Hi to everyone, I just joined an hour or so ago and did not know this forum existed. For a coffee freak like me that is surprising.

I was born in London and moved here to Scotland in Nov 2010. A lot has happened since being here including nearly dying of Sepsis in March 2015. I was told on discharge that at one time I had a 5% chance of making it.

I moved myself up here in my Skoda Superb and made many trips. On the last trip I bought the coffee machine up here and it was the first thing out of the car so that I could plug it in and 'Flick the Switch'. The machine I brought up here was a Gaggia, sorry, cant remember the model but a bean to cup. That eventually broke and I now own a 'DeLonghi Magnifica S' I absolutely loooove my Espresso's and that is mostly what I drink though I do have a Latte sometimes. The problem is that I love strong coffee and Latte's and Cuppaccino's simply don't have the strength that I like. I dont even know if my machine makes those drinks good and they might be perfect but not strong enough for me. I often drink 8 or 10 Espresso's in one day. I also don't really like coffee from a Cafeteire, again, they are not strong enough for me and the flavour is just not the same. The same goes for those other makers, what are they called, the pots where you put the water in and it kind of filters or seeps through and it is a two piece thing with top screwing onto the bottom.

I have about 5.1/2k of beans here and at least 5 different brands and I am always looking forward to emptying my machine so that I can go on to the next bean.

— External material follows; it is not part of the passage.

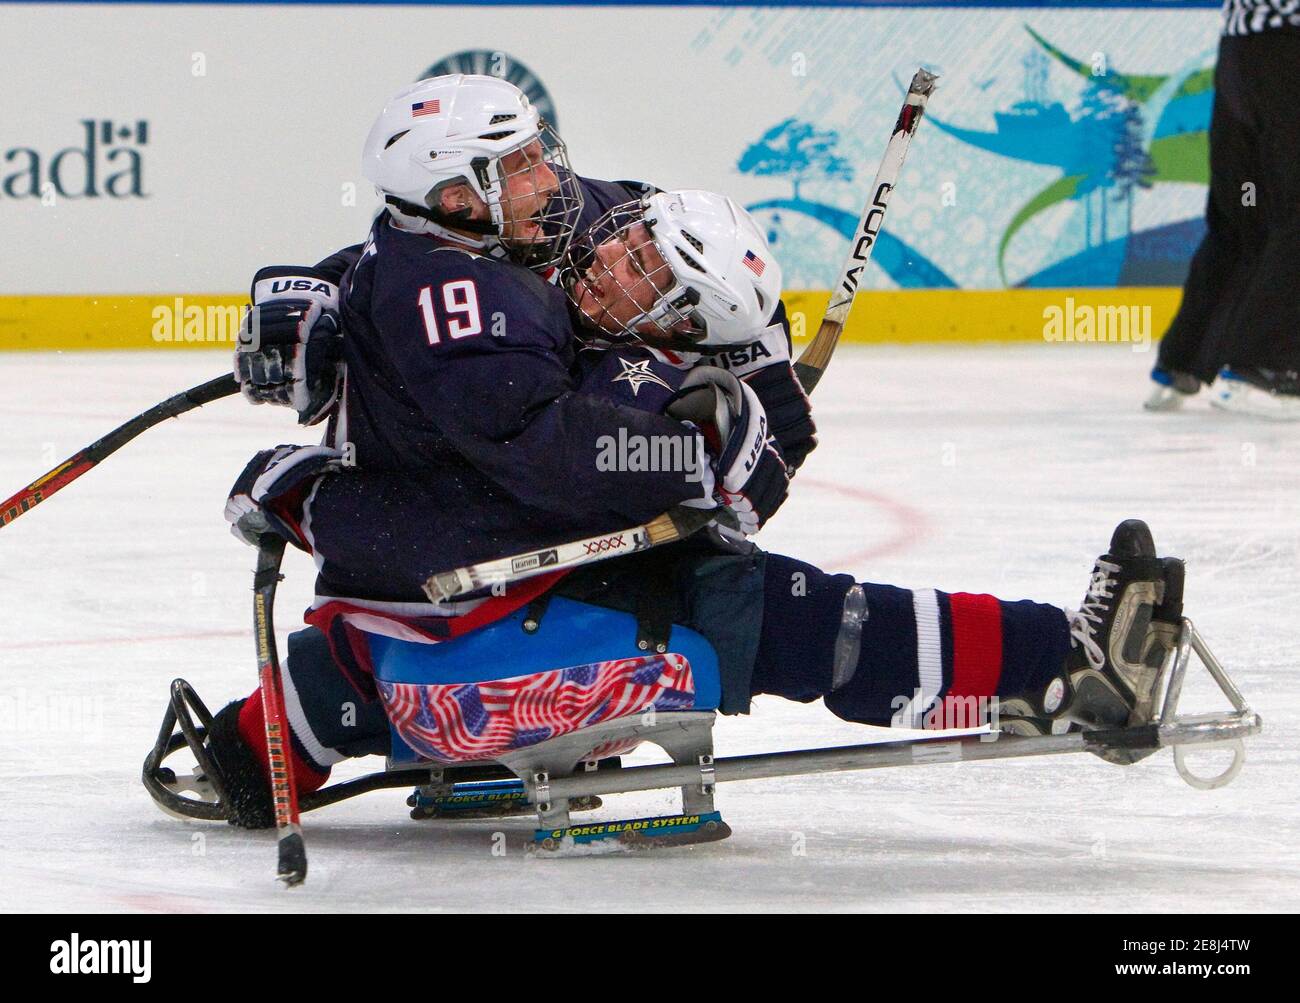 USA's Taylor Chace (L) and Andy Yohe celebrate winning the gold medal sledge hockey game against Japan at the 2010 Paralympic Winter Games in Vancouver, British Columbia, March 20, 2010.       REUTERS/Andy Clark        (CANADA - Tags: SPORT OLYMPICS ICE HOCKEY) Stock Photo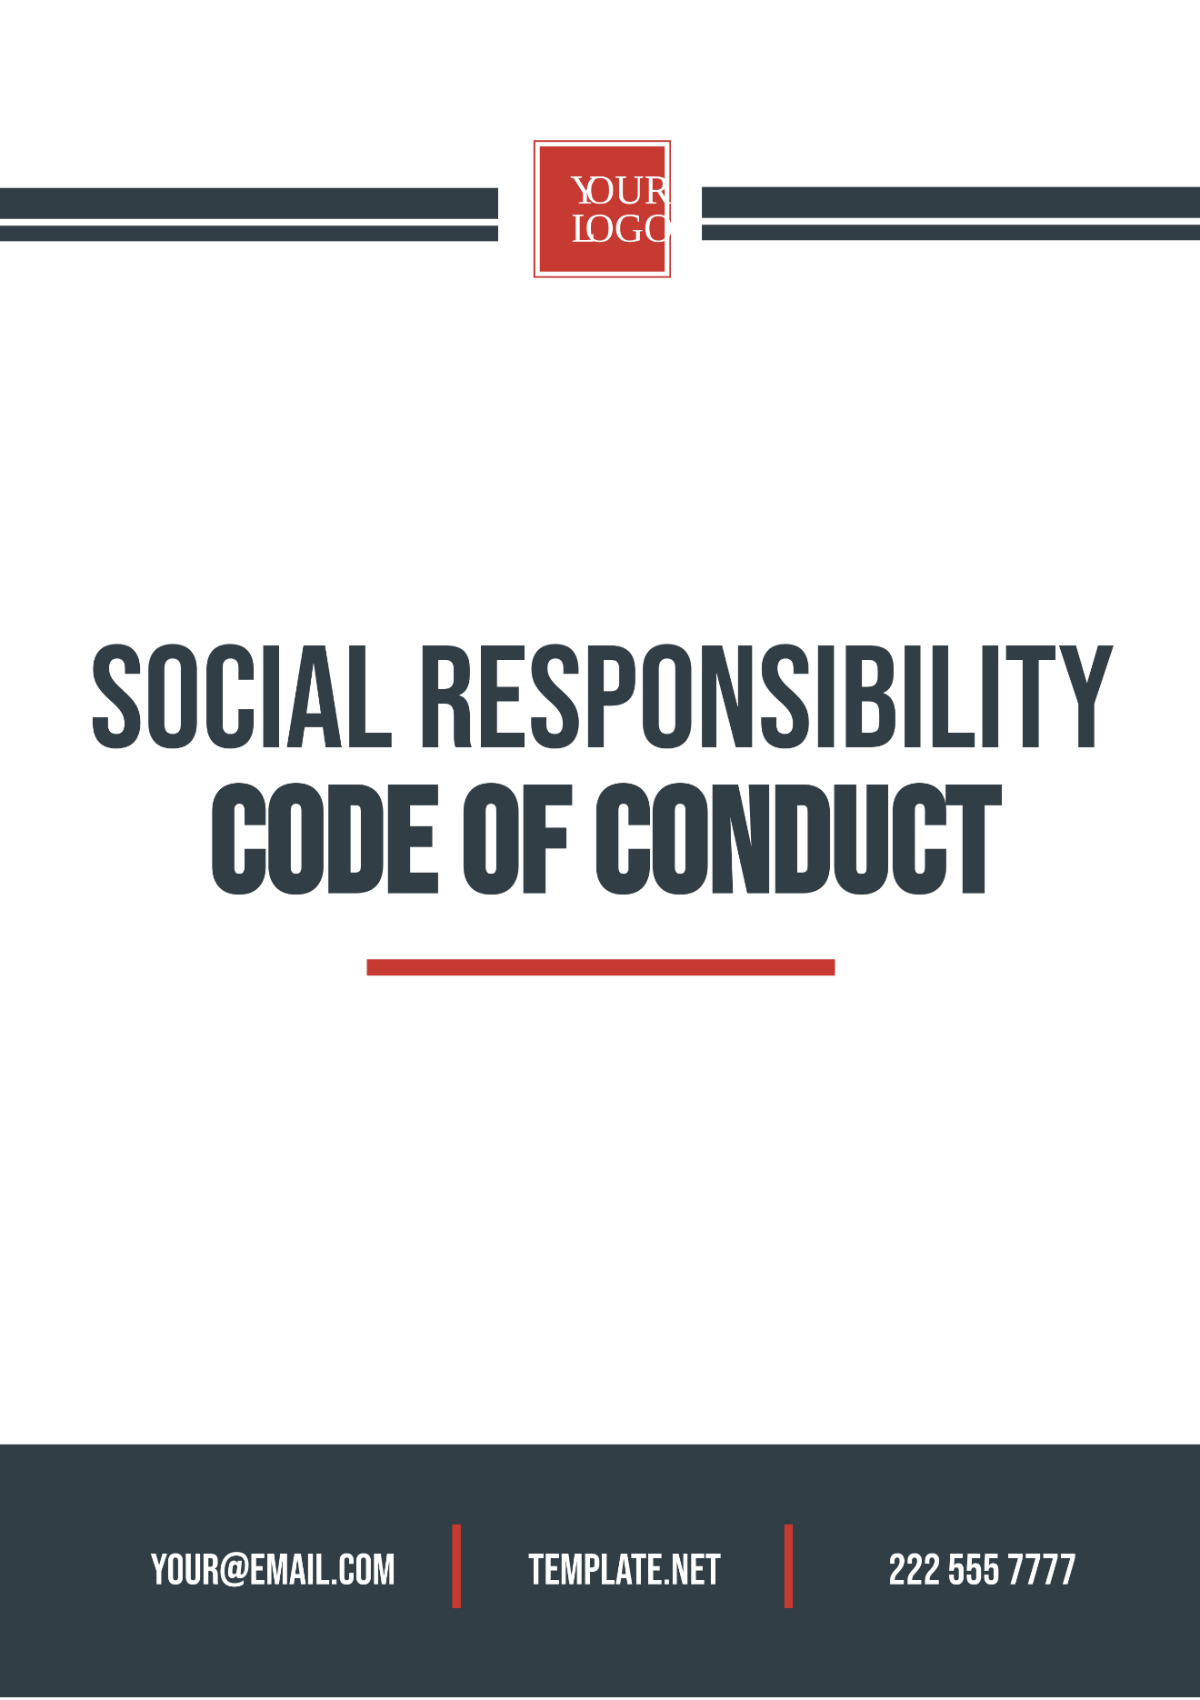 Social Responsibility Code of Conduct Template

Ah well, I am waffling on here a bit so will post this and carry on watching the AFL from Aus. I will read the forum in more depth later this arvo.

Cheers Nigel


----------



## GCGlasgow (Jul 27, 2014)

Welcome from Glasgow, where do you get your beans? Plenty of information on here about different roasters.


----------



## MildredM (Feb 13, 2017)

Welcome









What kind of taste are you looking for? When you say strong, do you mean flavourful, and do you prefer dark roasts?


----------



## eddie57 (Mar 21, 2017)

Welcome Nigel


----------